Production paused

STV saves £10m in costs as virus impacts advertising

Liar STV

Liar: one of a number of drama productions

STV is expecting a big hit to its advertising revenue because of the coronavirus outbreak and has instigated a series of cost-cutting measures that will retain £10 million in the business.

This includes cancellation of its final dividend payment and delaying capital expenditure. It has also halted filming of some its popular programmes.

“We are very focused on cash and have already taken steps to reduce costs and cash commitments,” said the company in a trading update.

“National programming costs will reduce in line with any reduction in revenues (thanks to our unique variable cost model) and we have identified a further £2m of other cost savings across the business for 2020, along with c.£2.5m of cash savings from delayed capital expenditure.”
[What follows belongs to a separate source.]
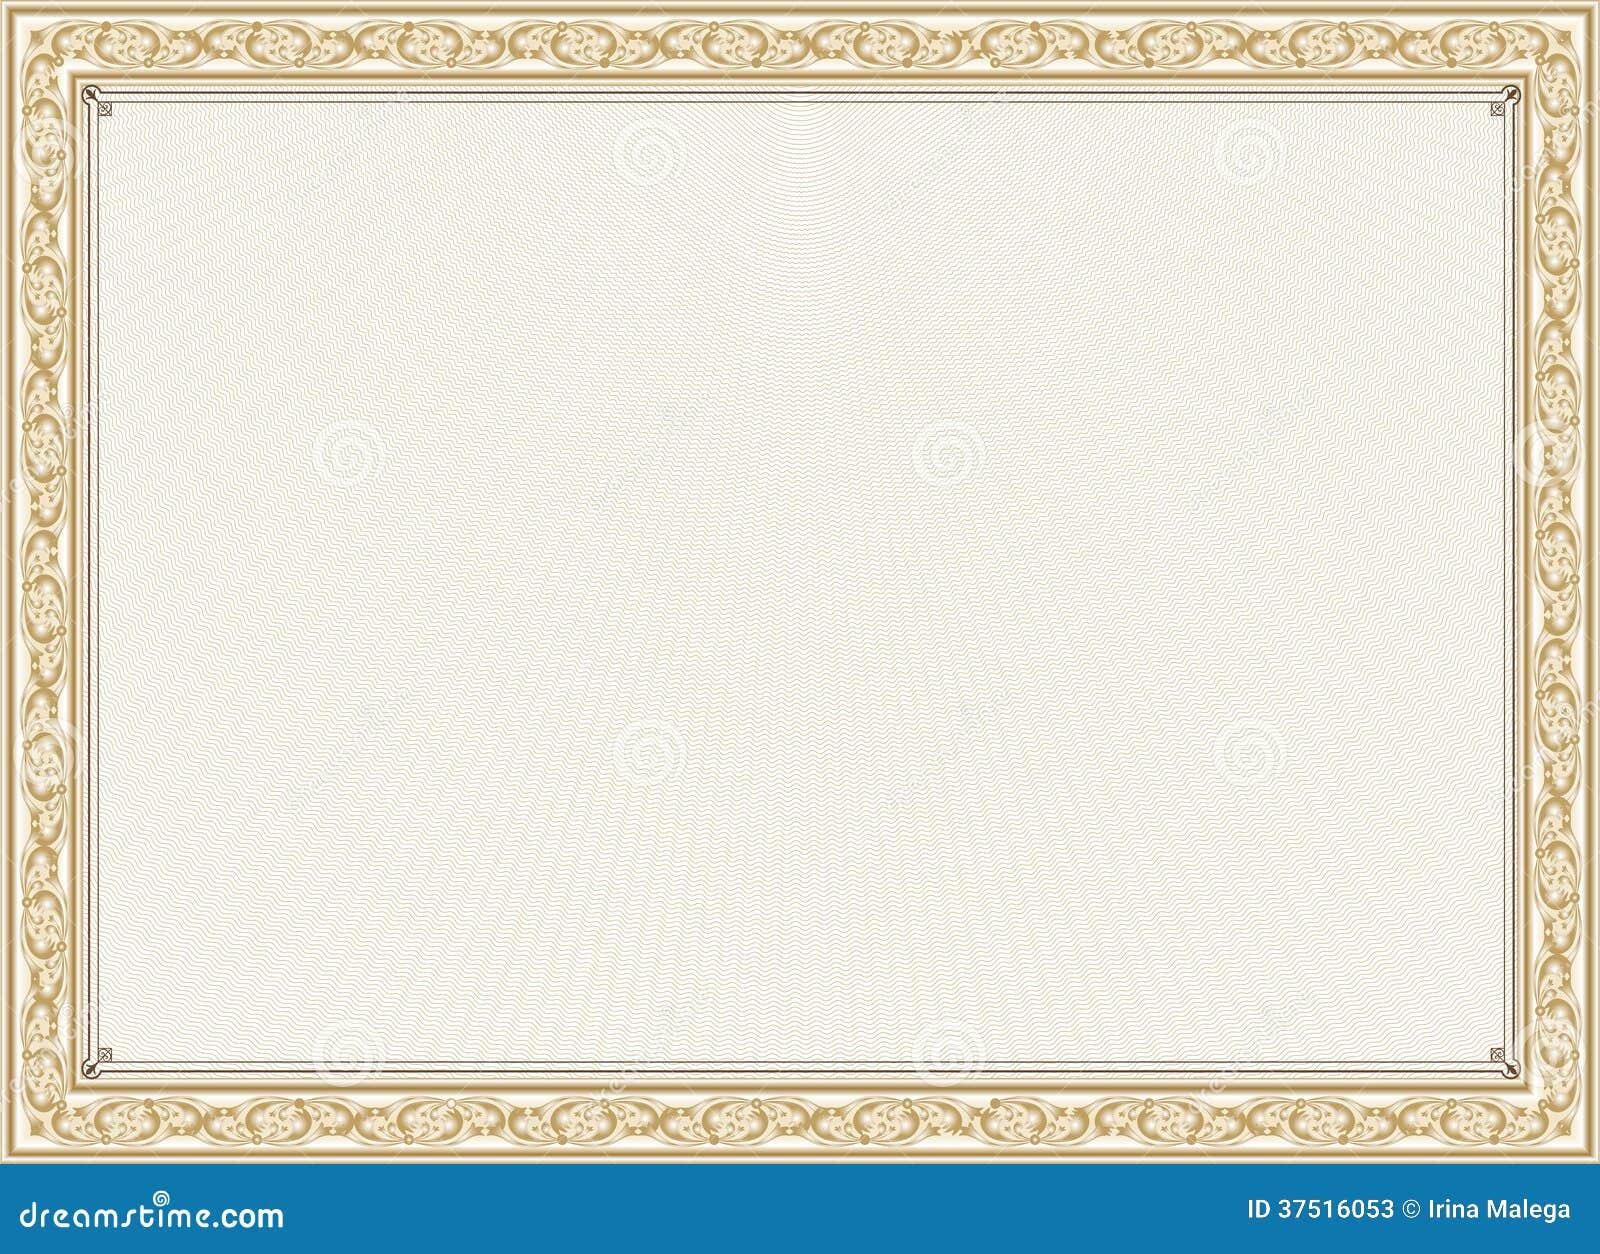 Certificate Frame 8  5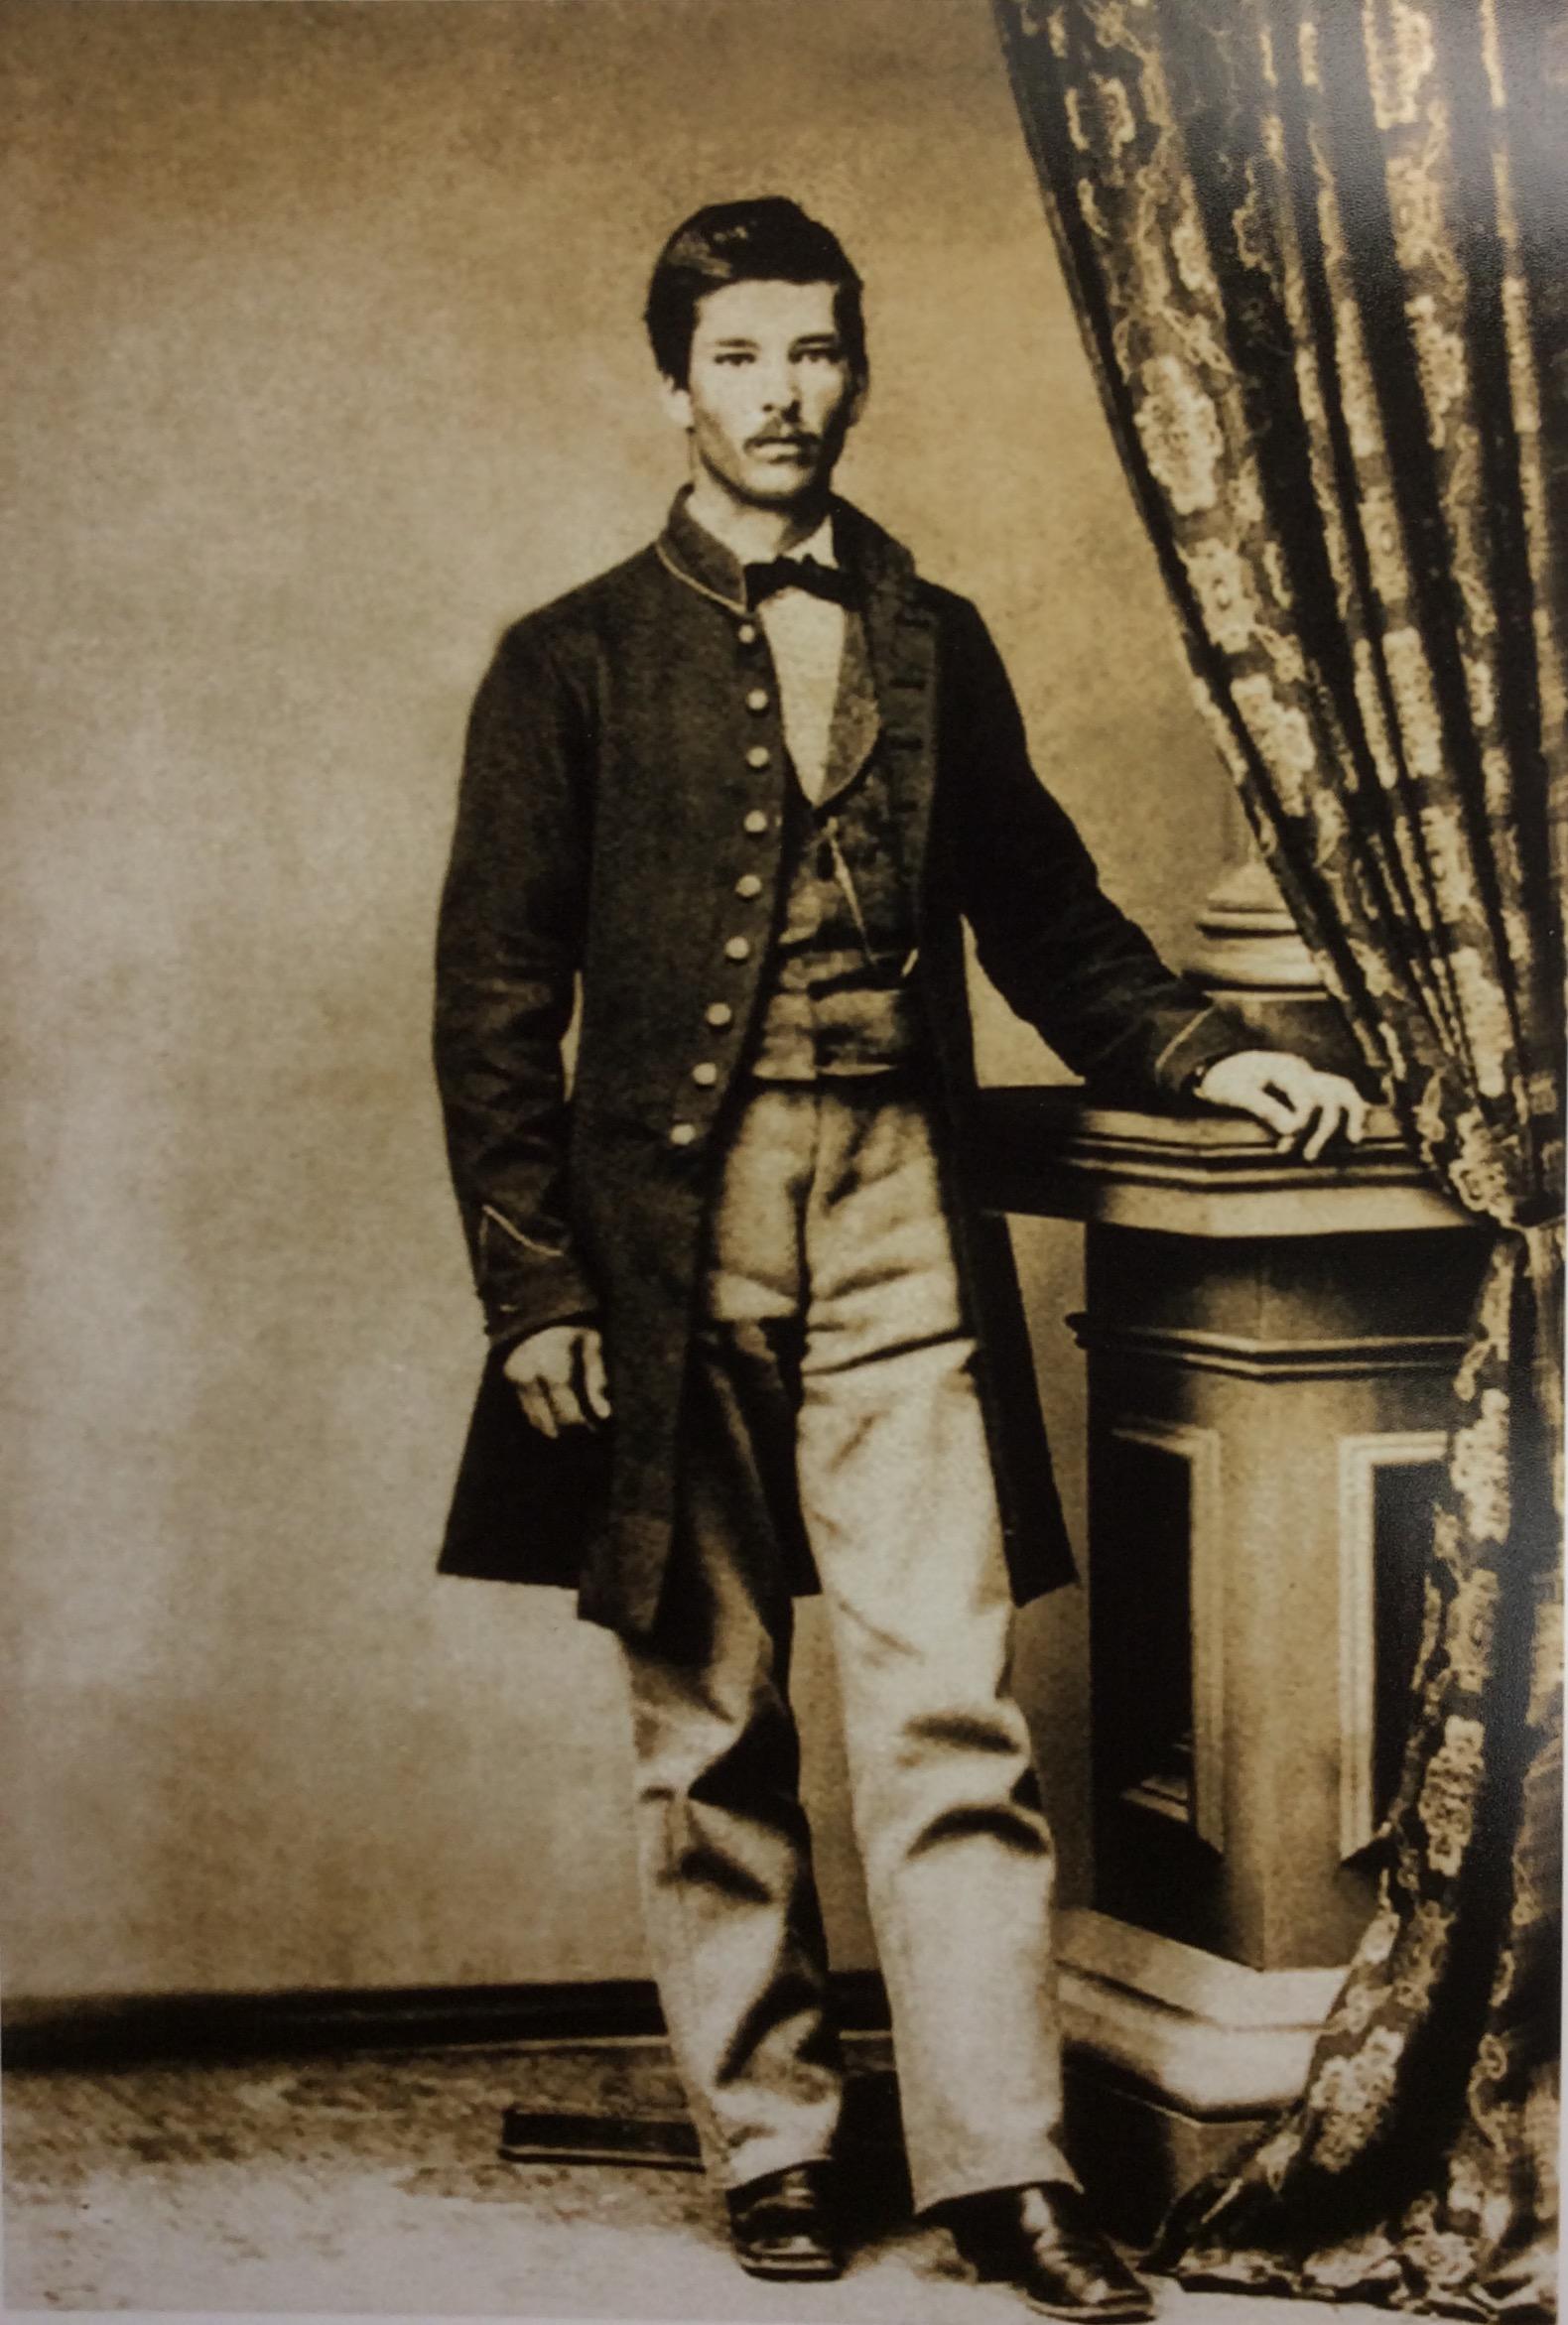 Charles Hamilton Raven, Greg's great-great grandfather.

The board said it is no longer recommending a final dividend of 14.7p per share for the year ended 31 December and this will no longer be paid, conserving a further £5.5m.

“We recognise how important the dividend is to our shareholders and the board will revisit the position for future dividends once there is greater clarity on the impact of COVID-19 on the business,” said the company.

We guided to single digit revenue growth in regional advertising for 2020 and this now looks challenging

– STV update

“Taken together these actions will ensure that at least an additional £10m of cash (over and above current cash balances) is retained within the business in the short to medium term.”

On the impact of the lockdown on advertising, it said: “The new restrictions implemented by Government are…having an increasing impact on our advertising revenues across a range of categories, both nationally and regionally, and national forecasts have deteriorated for March and April.

“In our preliminary results announcement on 10 March we guided to single digit revenue growth in regional advertising for 2020 and this now looks challenging.”

Offsetting this it is the long-standing arrangement with ITV whereby programming costs (60% of cost base) vary in line with national advertising revenues. Therefore, if national advertising is down 10%, STV’s programming costs also reduce by 10%, protecting its broadcast profit margins.